October 25, 2010

Hoffman: in a dreadful manner


According to the October 25, 1817 issue of the New York Evening Post, a boy was sitting on the "Courtlandt-street Dock, with his legs hanging over the wharf." A steamboat was coming in and he tried to jump down on it. Instead, he was caught by the boat and his right leg was crushed "in a dreadful manner." His right leg had to be amputated above the knee.

The boy, future writer Charles Fenno Hoffman, replaced his missing limb with "a cork substitute," according to the Cyclopedia of American Literature, compiled by Evert Augustus Duyckinck. According to all reports, the lack of a right leg never impeded Hoffman in any way. He continued "the out-door life and athletic exercises" which he enjoyed. At age 15, he enrolled at Columbia College, where he particularly excelled on the debate team. He dropped out in his junior year but was apparently given an honorary degree years later.

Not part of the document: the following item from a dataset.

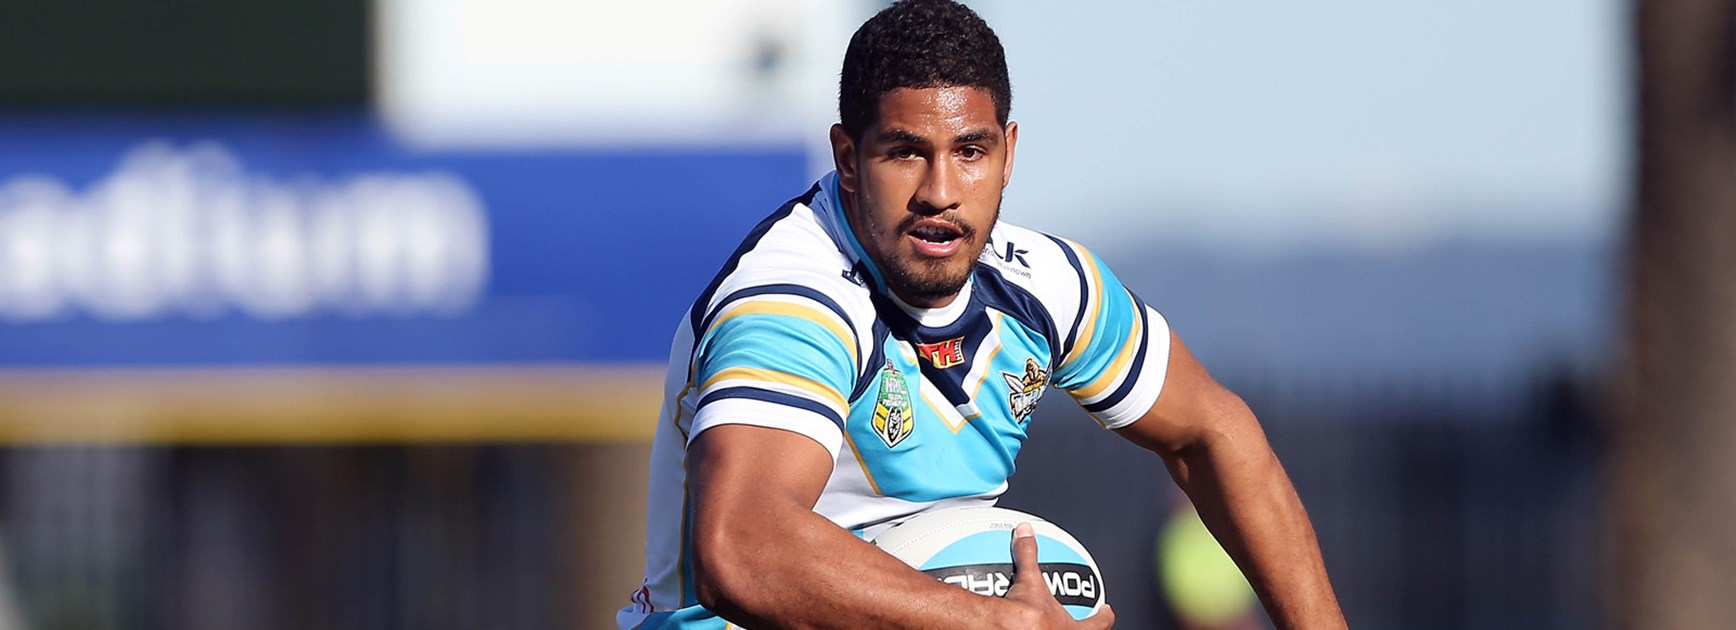 Nene Macdonald in action for the Titans against the Roosters in Round 16.

Perhaps his most interesting accomplishment to emphasize Hoffman's "out-door" and "athletic" life was his trip in 1833. That year, he traveled on horseback from his home in New York as far west as the Mississippi River, through Kentucky and Virginia, in the dead of winter. The trip was the basis for his book A Winter in the West.

Hoffman and his friends never seem to mention much about the leg situation. But, looking at one particular scene in A Winter in the West, you can't help but picture his situation:

I rode thus for miles without seeing a living thing except a raven, which... I at once took it for granted was hovering near one of the savage beasts to which he so faithfully plays the jackal. Wheeling my horse suddenly from the trail towards a thicket of dwarf oaks... he shied from the bush, and I was thrown upon the spot. After extricating the foot, by which I was dragged a yard or two, from the stirrup, I sprang up but little hurt, and moved as quickly as possible to catch my horse... "This is very ridiculous."

...I sat down at once among the long dry grass, and stripping off my leggings, and disembarassing my heels of the now useless spurs, stowed all away in my coat-pockets.